AVAILABLE DATA:

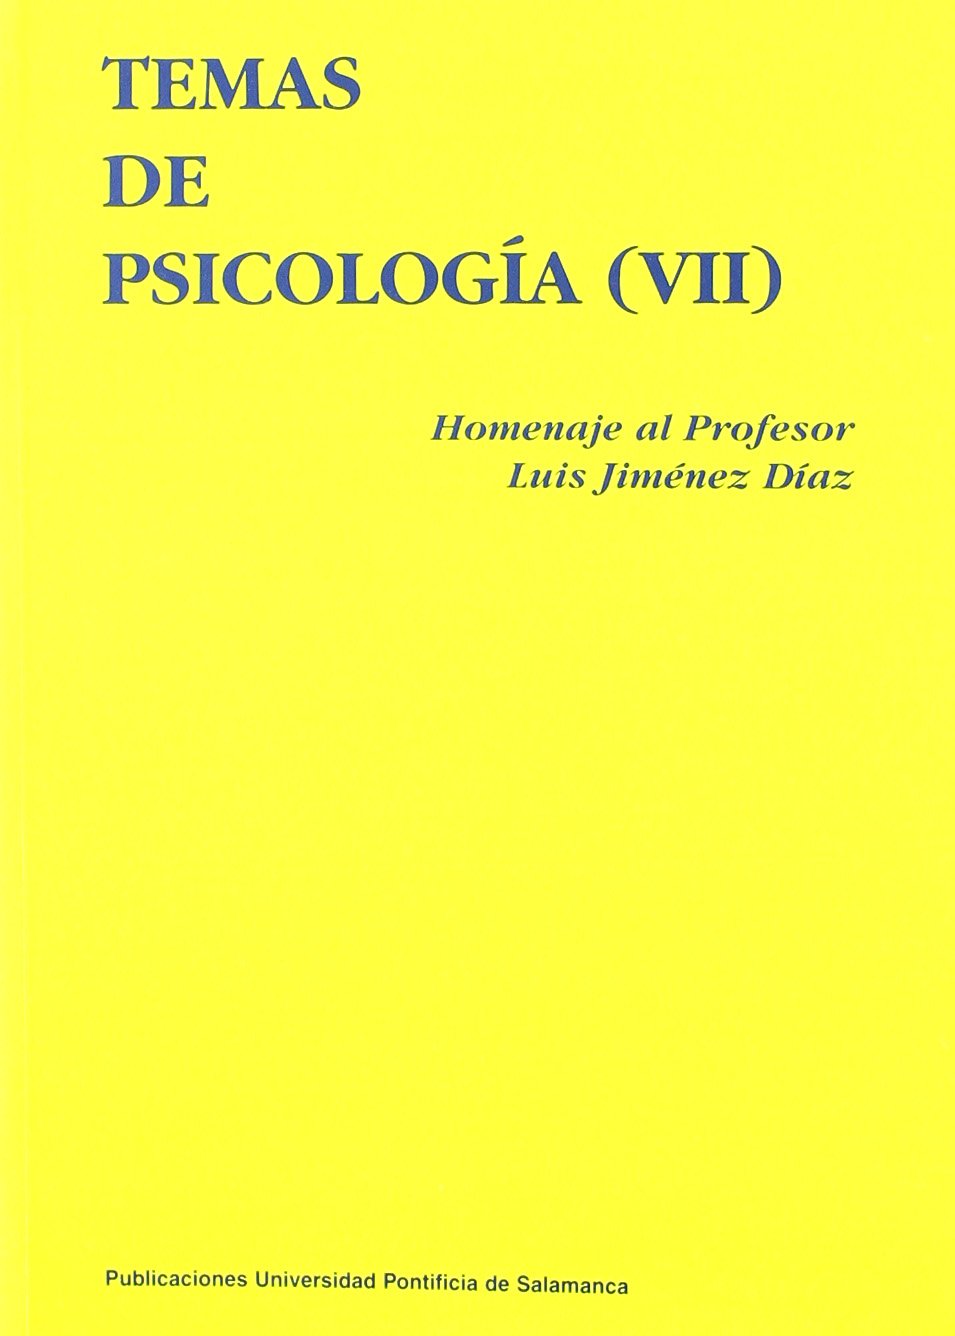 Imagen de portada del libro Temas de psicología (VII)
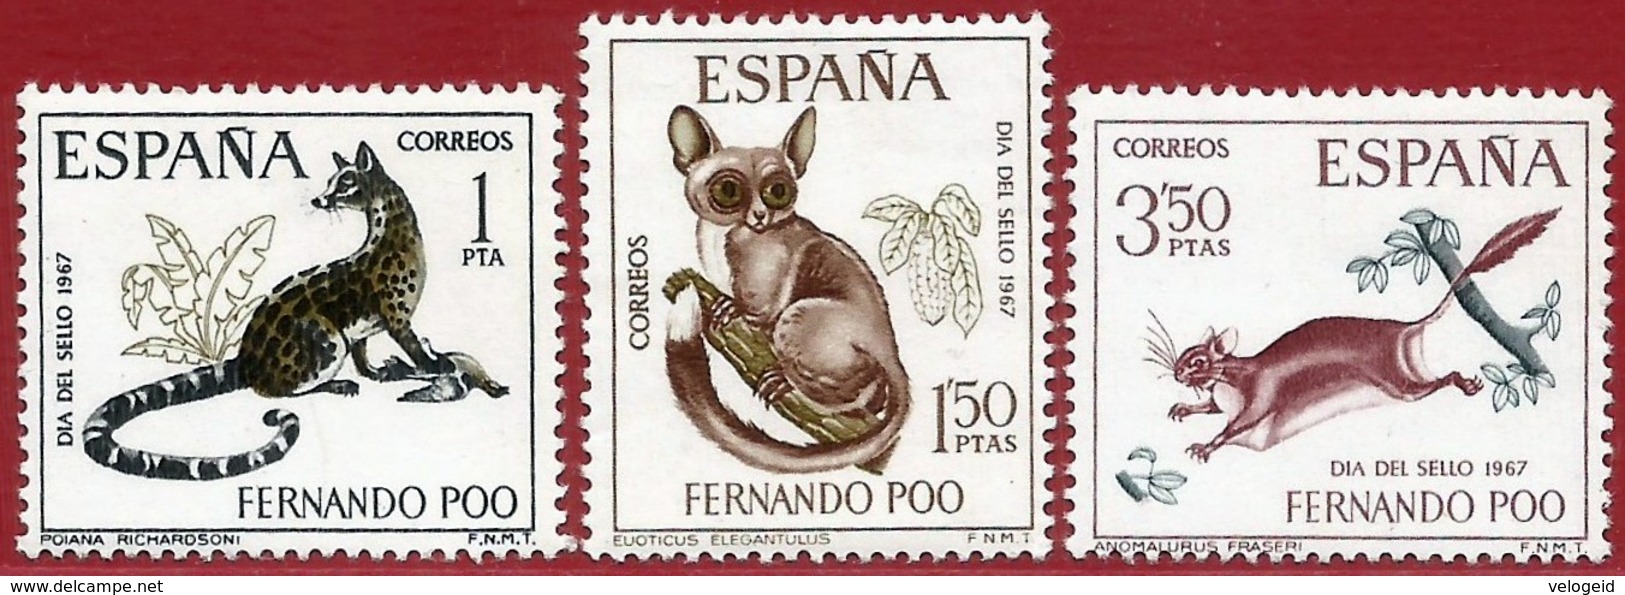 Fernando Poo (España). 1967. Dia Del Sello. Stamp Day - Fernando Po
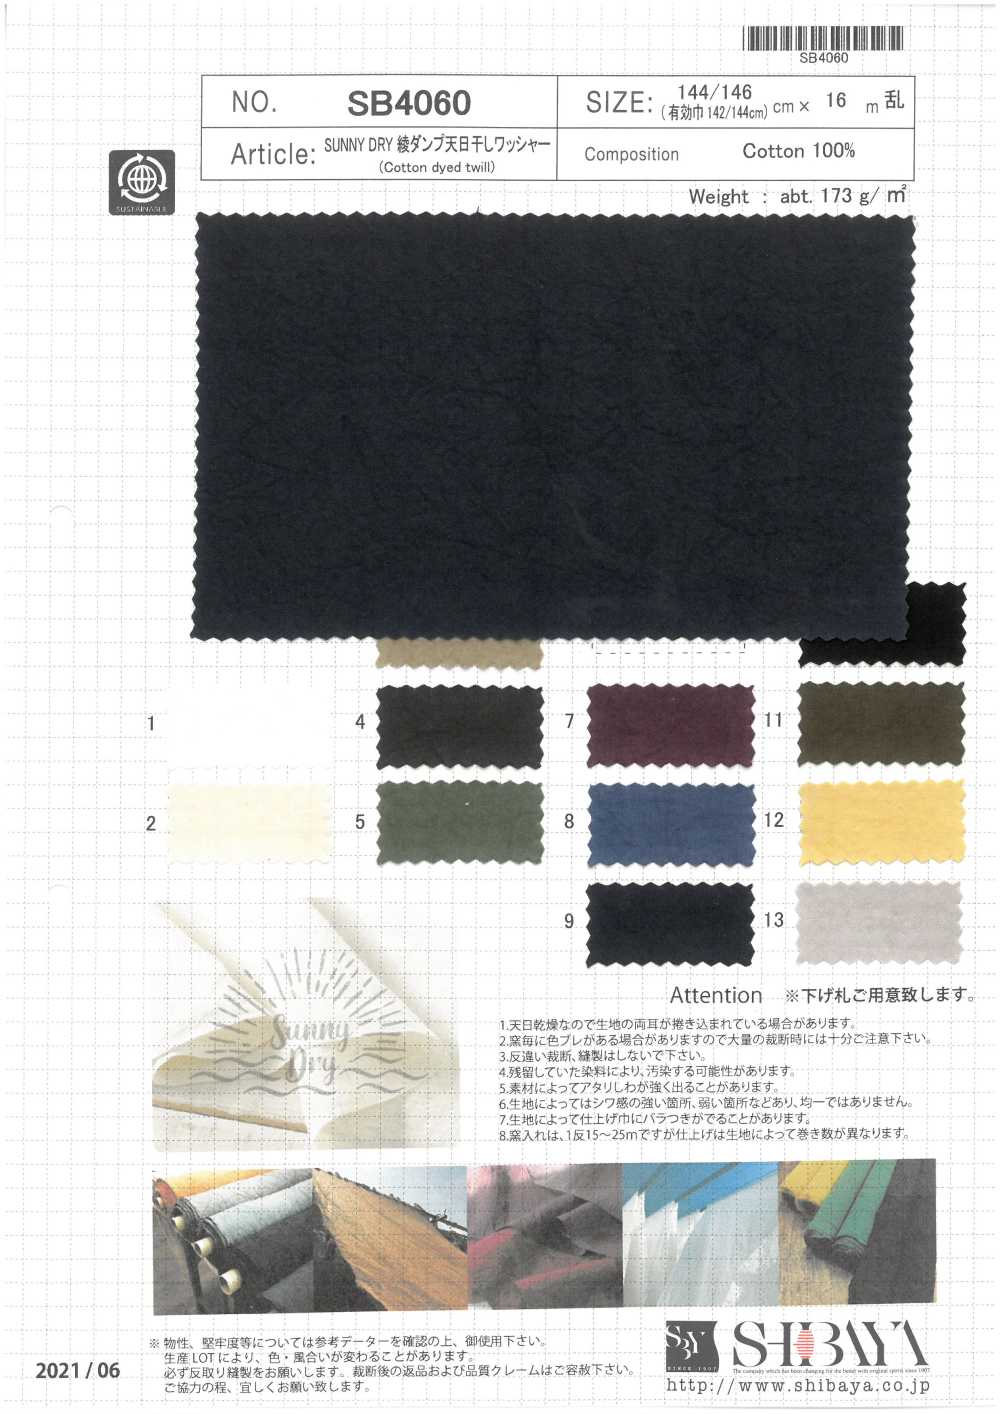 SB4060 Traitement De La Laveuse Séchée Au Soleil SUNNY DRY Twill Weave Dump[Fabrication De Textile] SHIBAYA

AIM OF THE EXERCISE: Reproduce the material word for word. Any pictures should be left out of the copy.

TASK RESULT:
 Imagen de portada del libro Temas de psicología (VII)
 Fernando Poo (España). 1967. Dia Del Sello. Stamp Day - Fernando Po
 SB4060 Traitement De La Laveuse Séchée Au Soleil SUNNY DRY Twill Weave Dump[Fabrication De Textile] SHIBAYA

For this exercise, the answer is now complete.